→ Given data
━━━━━━━━━━

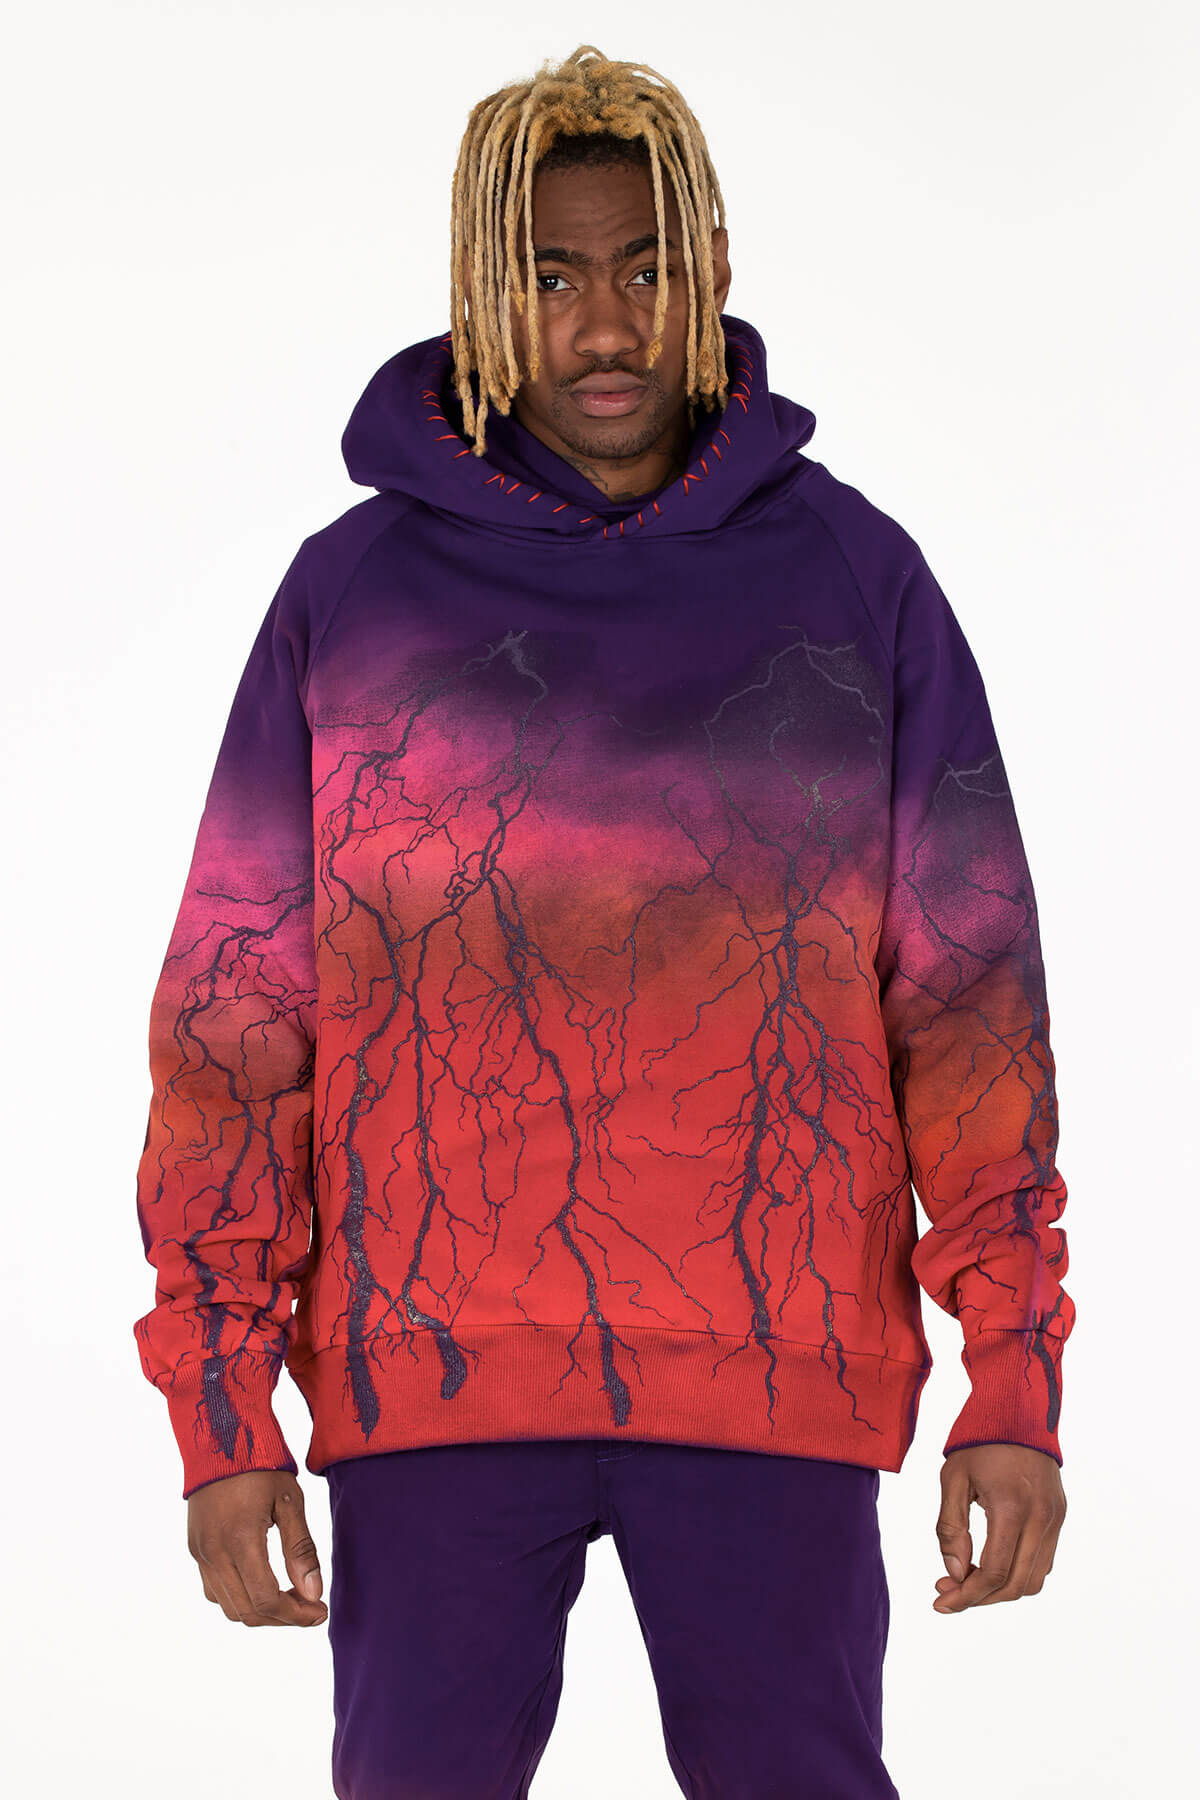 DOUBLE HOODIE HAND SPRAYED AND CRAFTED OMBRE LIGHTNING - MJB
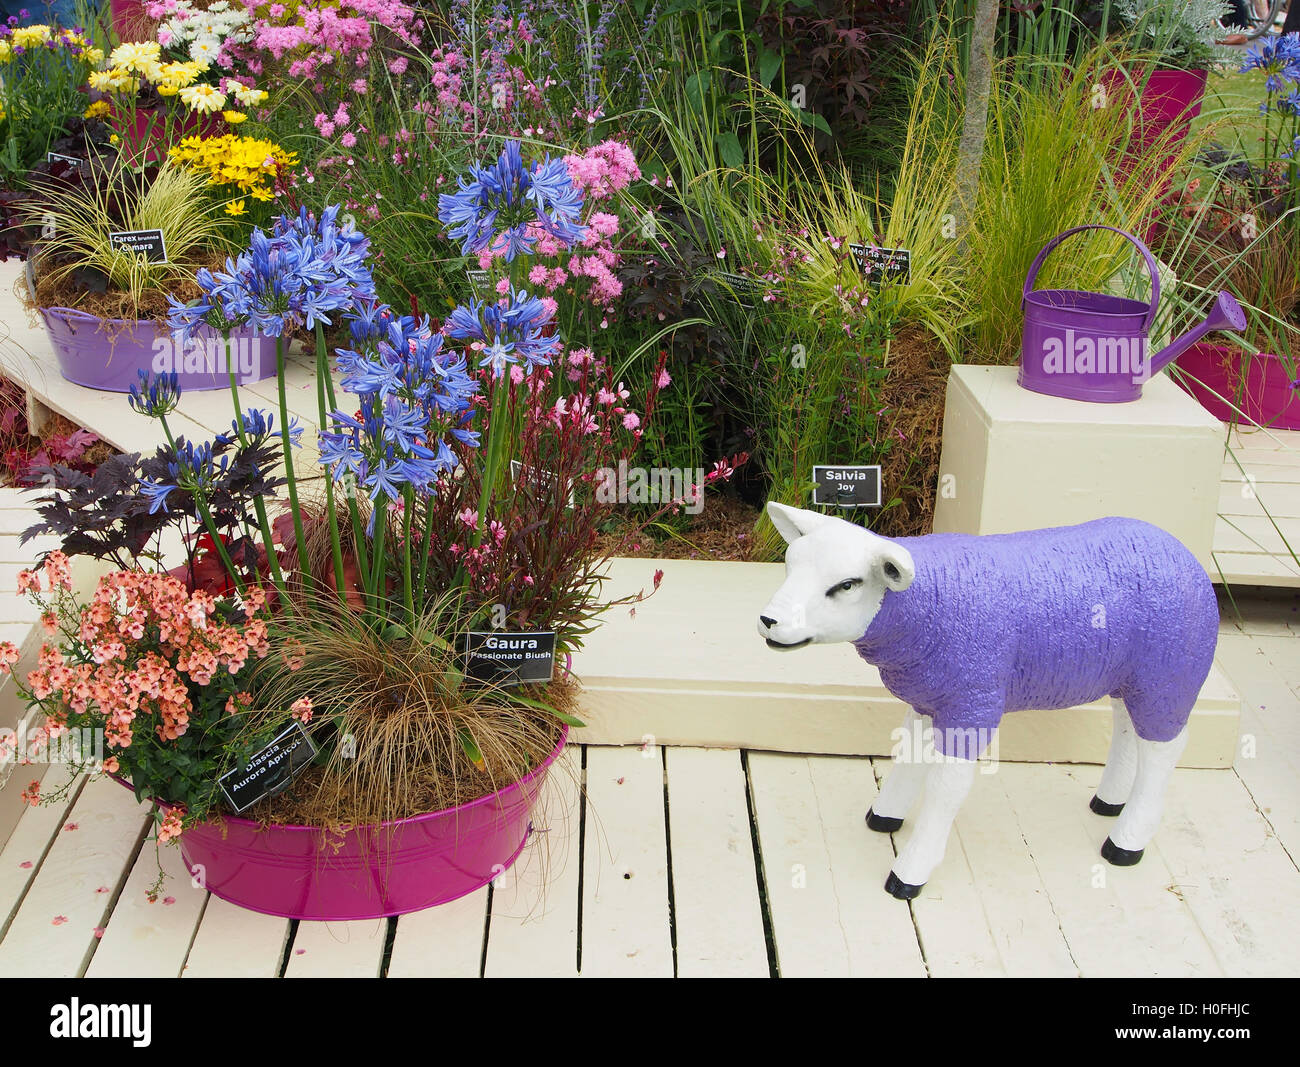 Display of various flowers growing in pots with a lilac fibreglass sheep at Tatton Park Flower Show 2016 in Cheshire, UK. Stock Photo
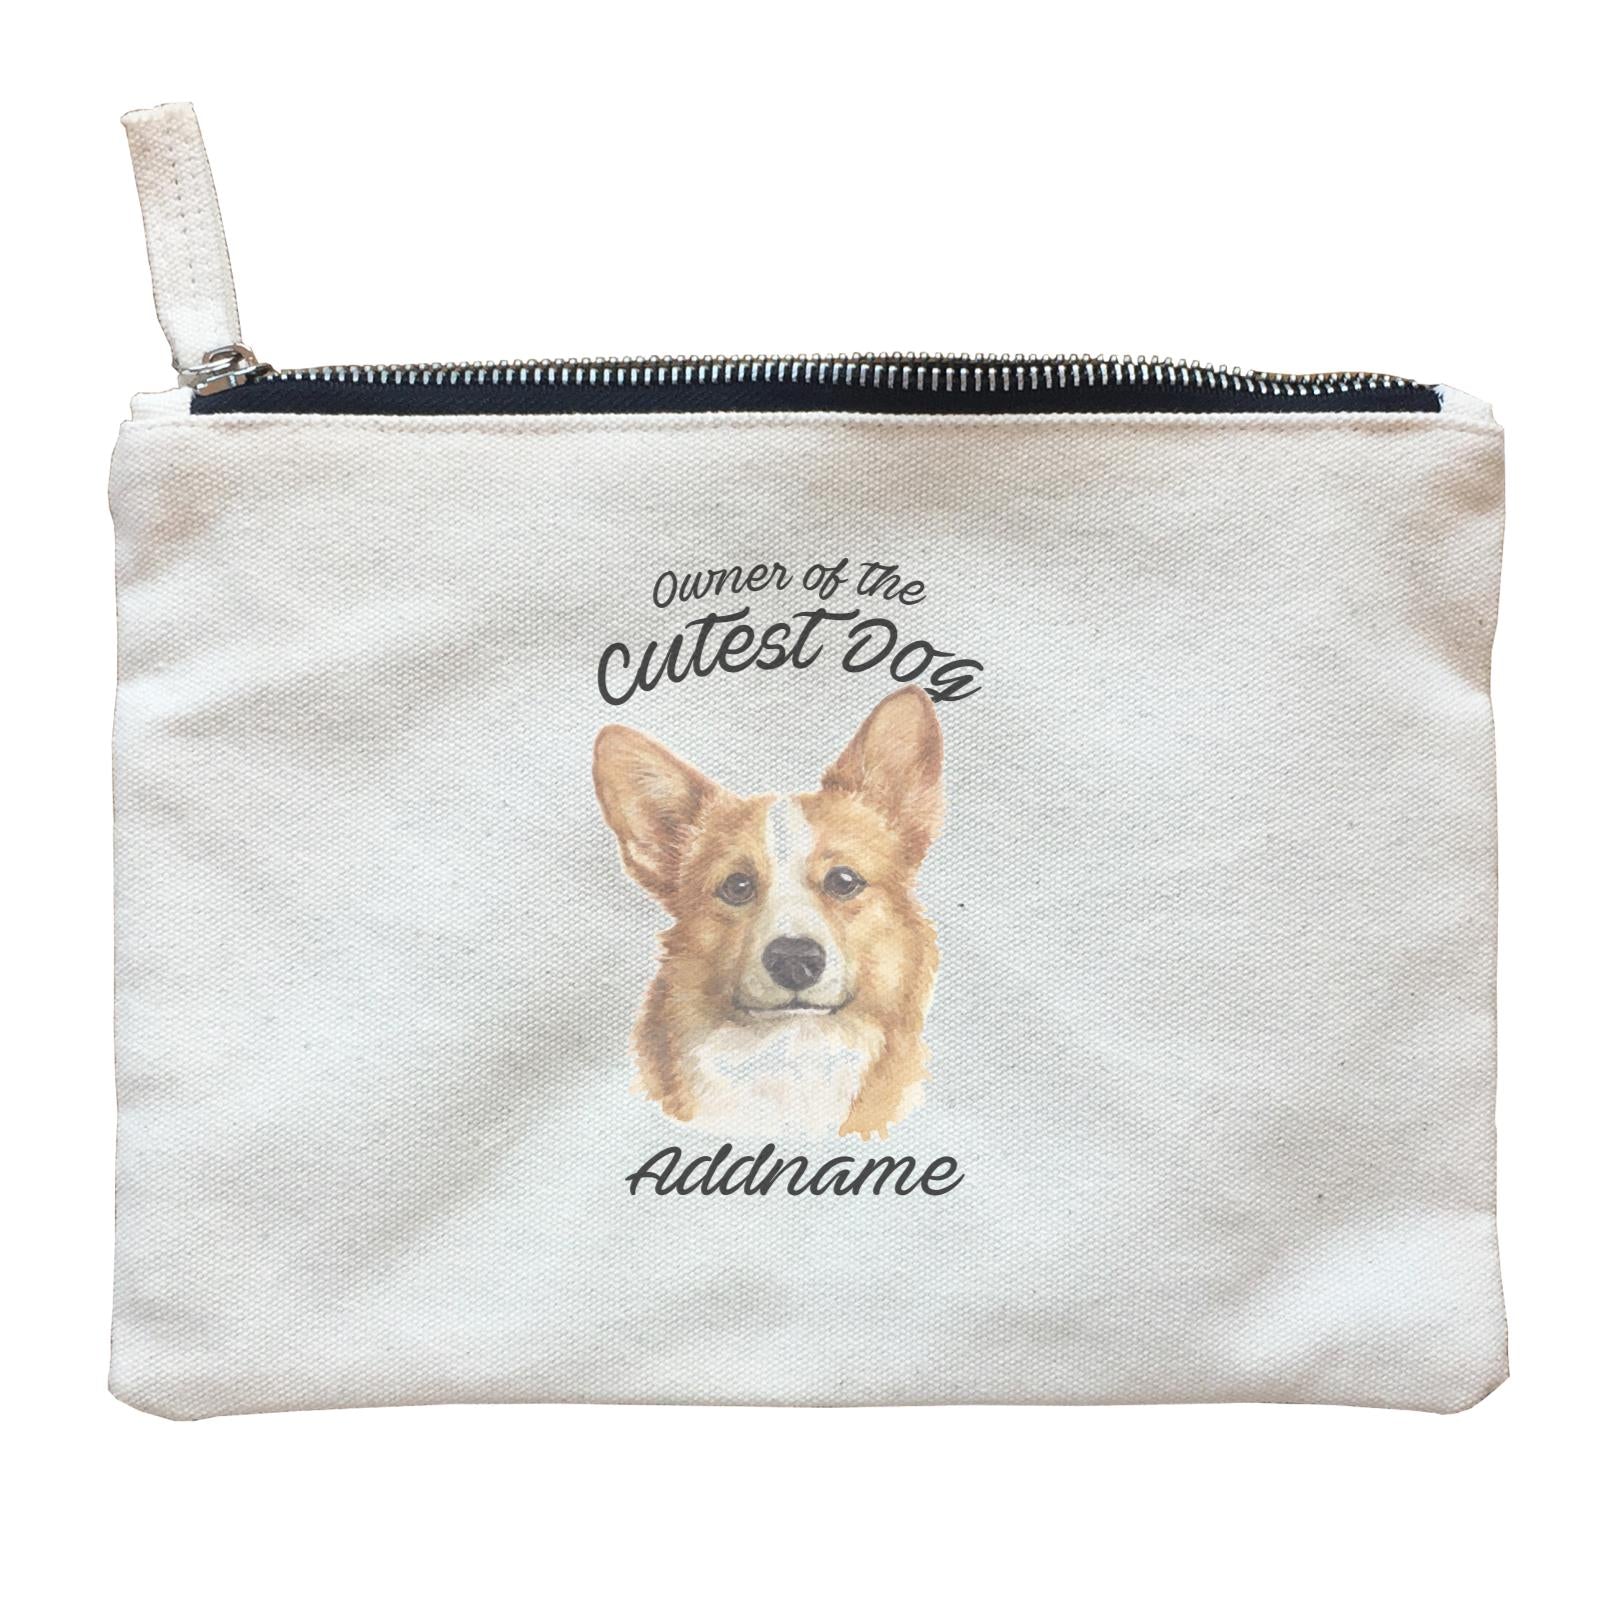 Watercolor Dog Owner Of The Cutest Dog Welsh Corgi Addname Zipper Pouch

━━━━━━━━━━

→ Required work
Pictures stay out. Everything else in the listing gets printed exactly.

→ Your response
 DOUBLE HOODIE HAND SPRAYED AND CRAFTED OMBRE LIGHTNING - MJB
 Display of various flowers growing in pots with a lilac fibreglass sheep at Tatton Park Flower Show 2016 in Cheshire, UK. Stock Photo
 Watercolor Dog Owner Of The Cutest Dog Welsh Corgi Addname Zipper Pouch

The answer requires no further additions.